**Aim of the exercise:**
Each line in the records below, from the one that contains "دانلود فیلم تصویر" to the one that contains "人形装甲,未来战场上人类必不可少的防护武器", should be reproduced exactly, the first and last included.

**Provided material:**
>>>
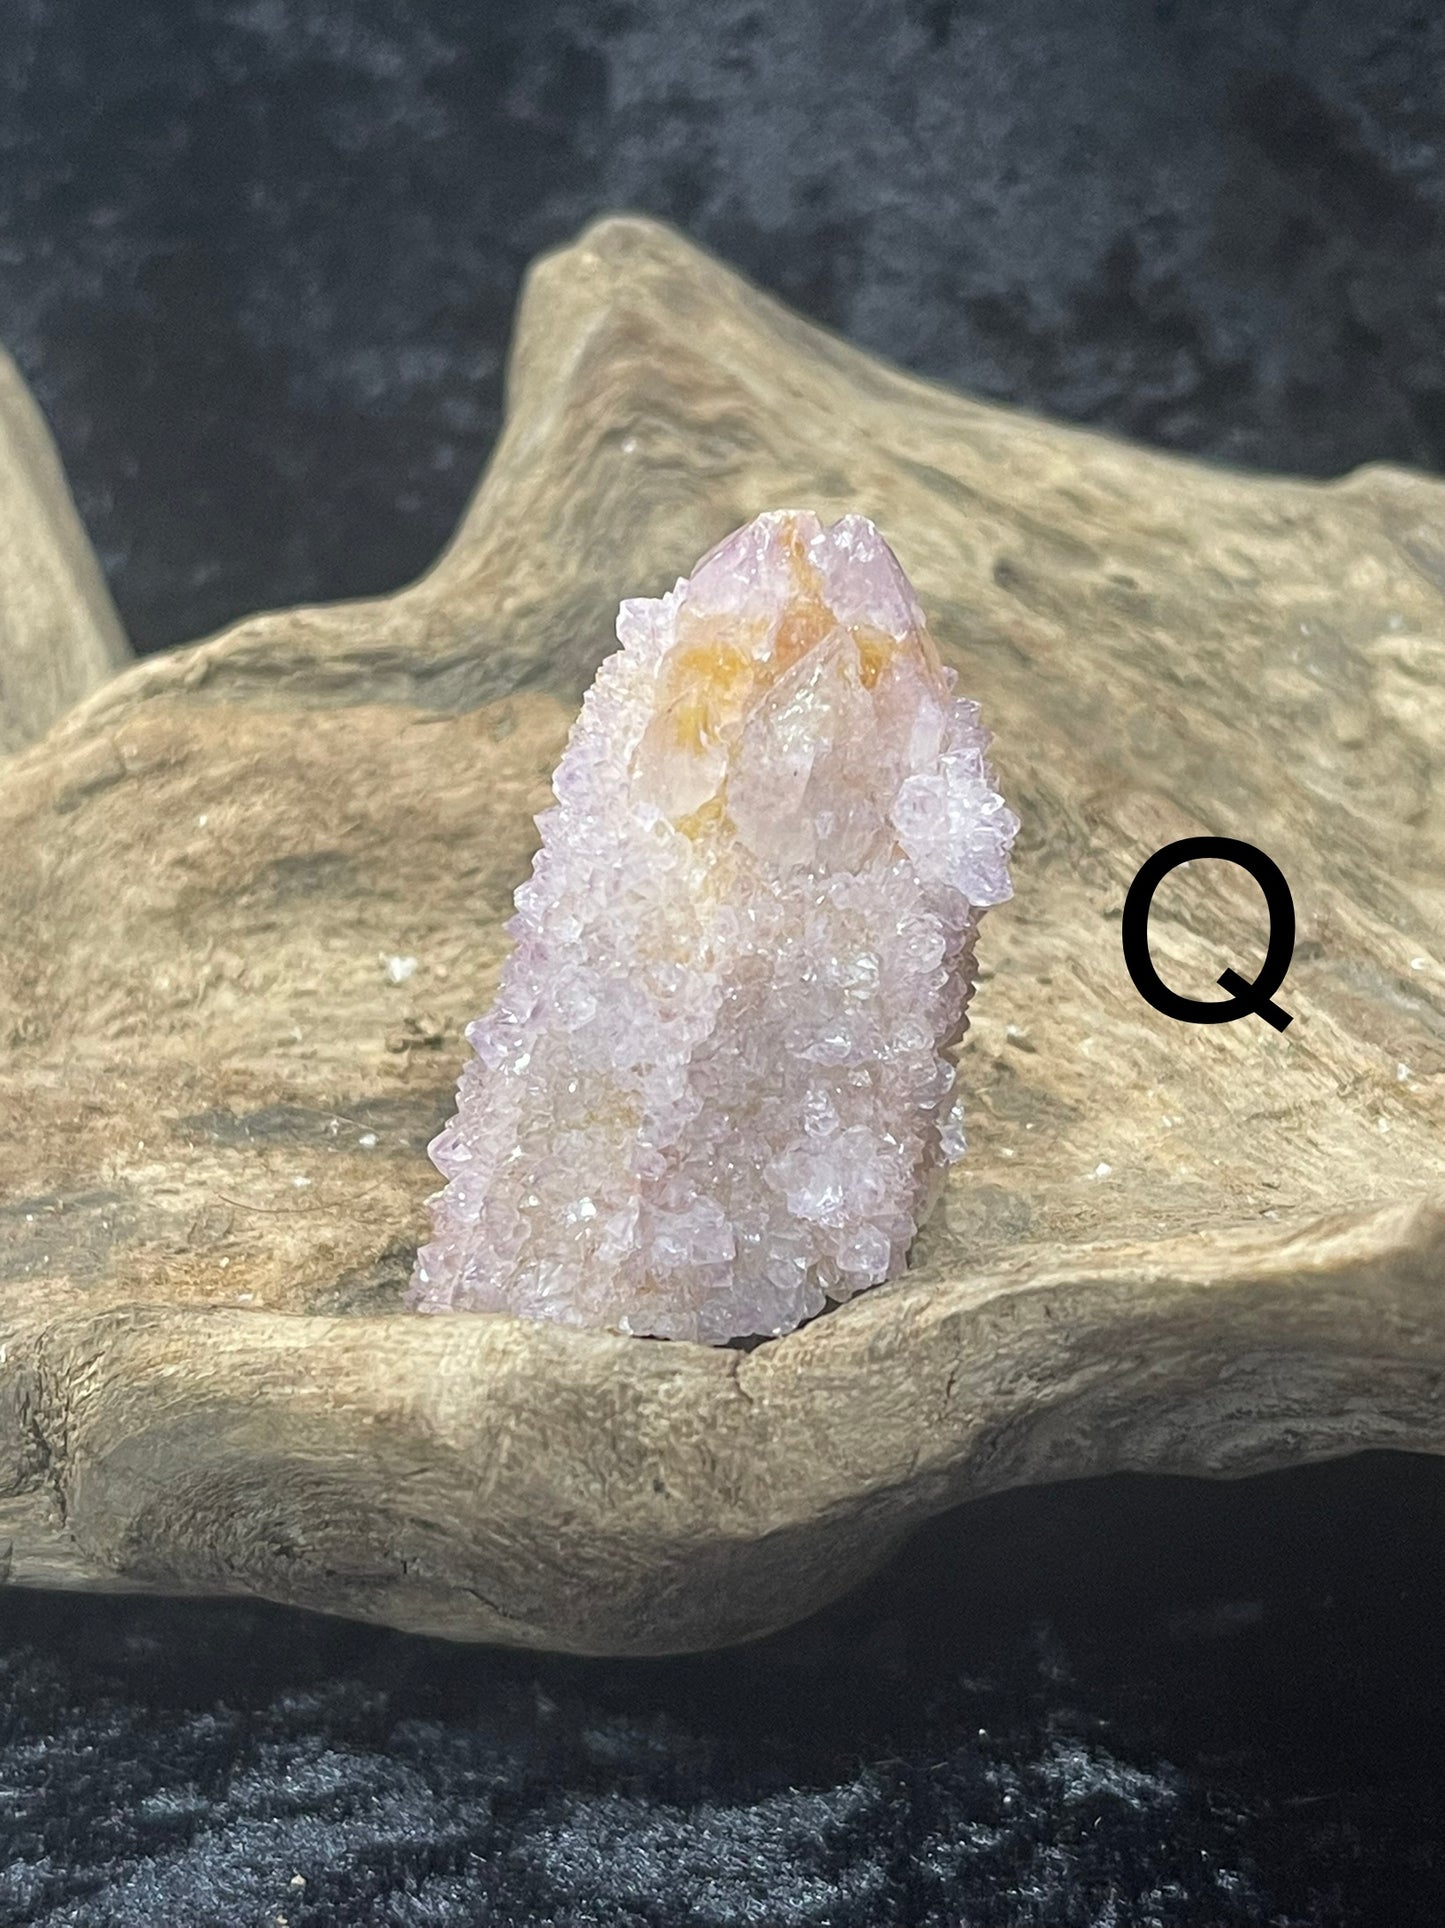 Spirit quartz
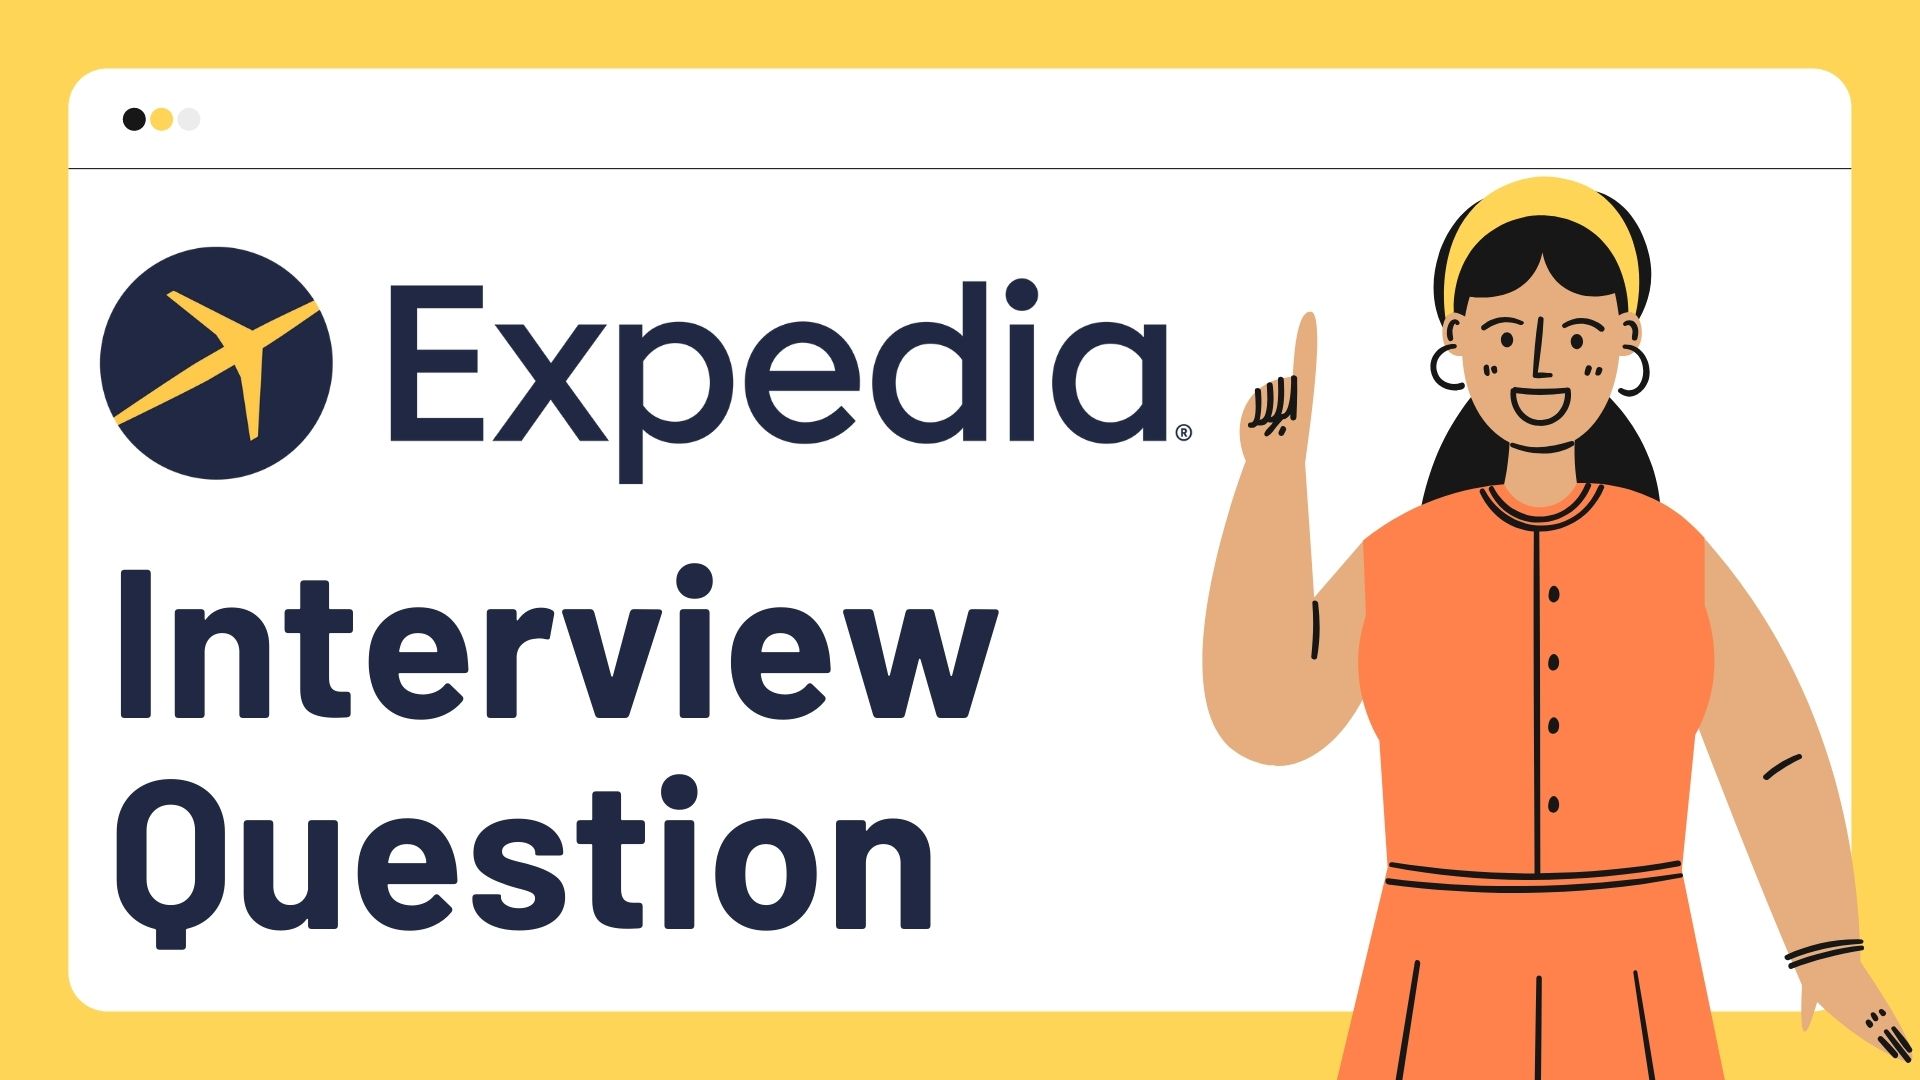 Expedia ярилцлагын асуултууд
<<<
>>>
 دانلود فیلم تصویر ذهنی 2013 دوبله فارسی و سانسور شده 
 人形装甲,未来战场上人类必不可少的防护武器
<<<
>>>
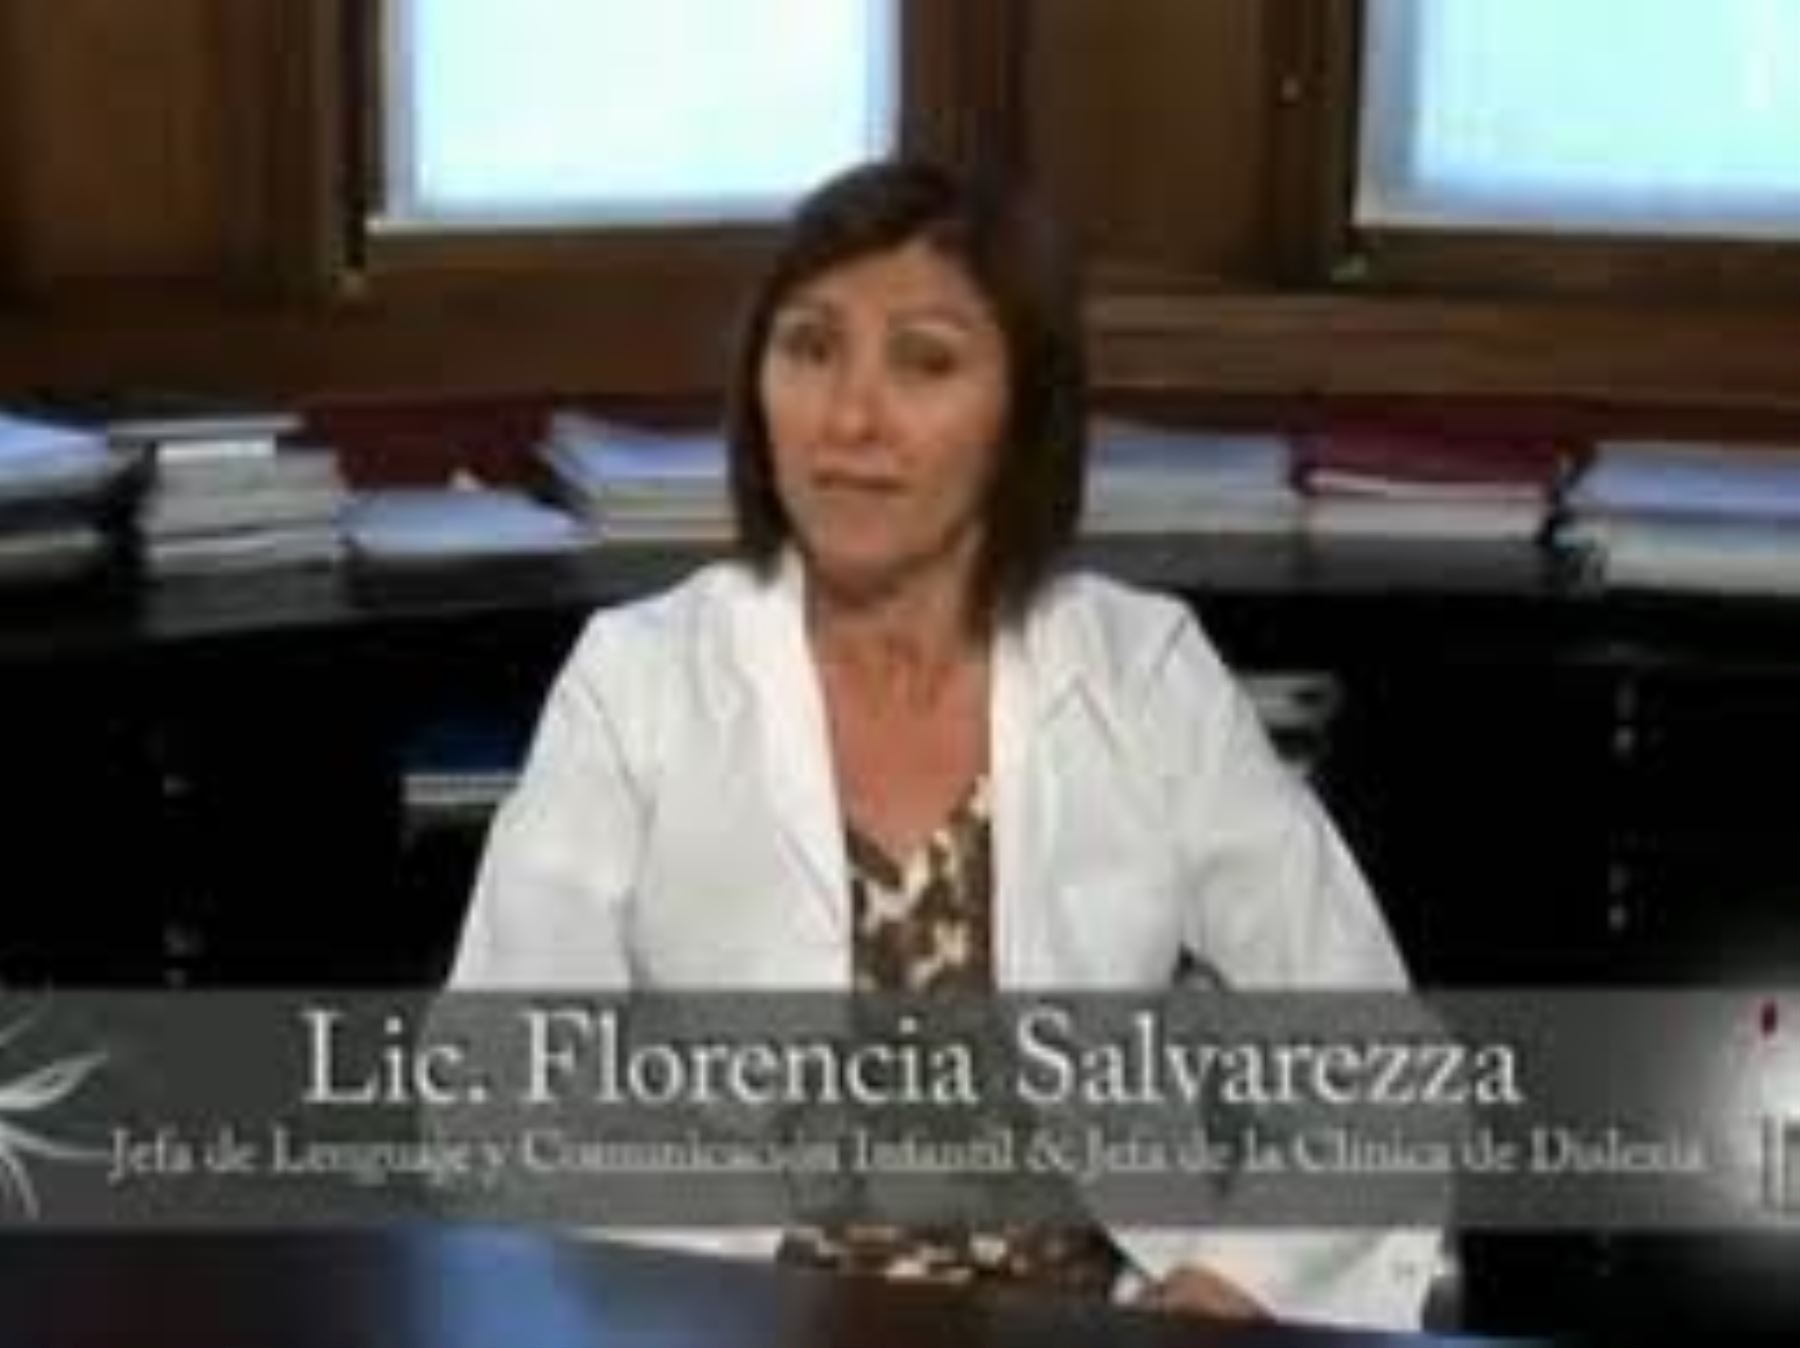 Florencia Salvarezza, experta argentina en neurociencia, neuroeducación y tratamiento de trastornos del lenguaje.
<<<
**Response to the exercise:**
 دانلود فیلم تصویر ذهنی 2013 دوبله فارسی و سانسور شده 
 人形装甲,未来战场上人类必不可少的防护武器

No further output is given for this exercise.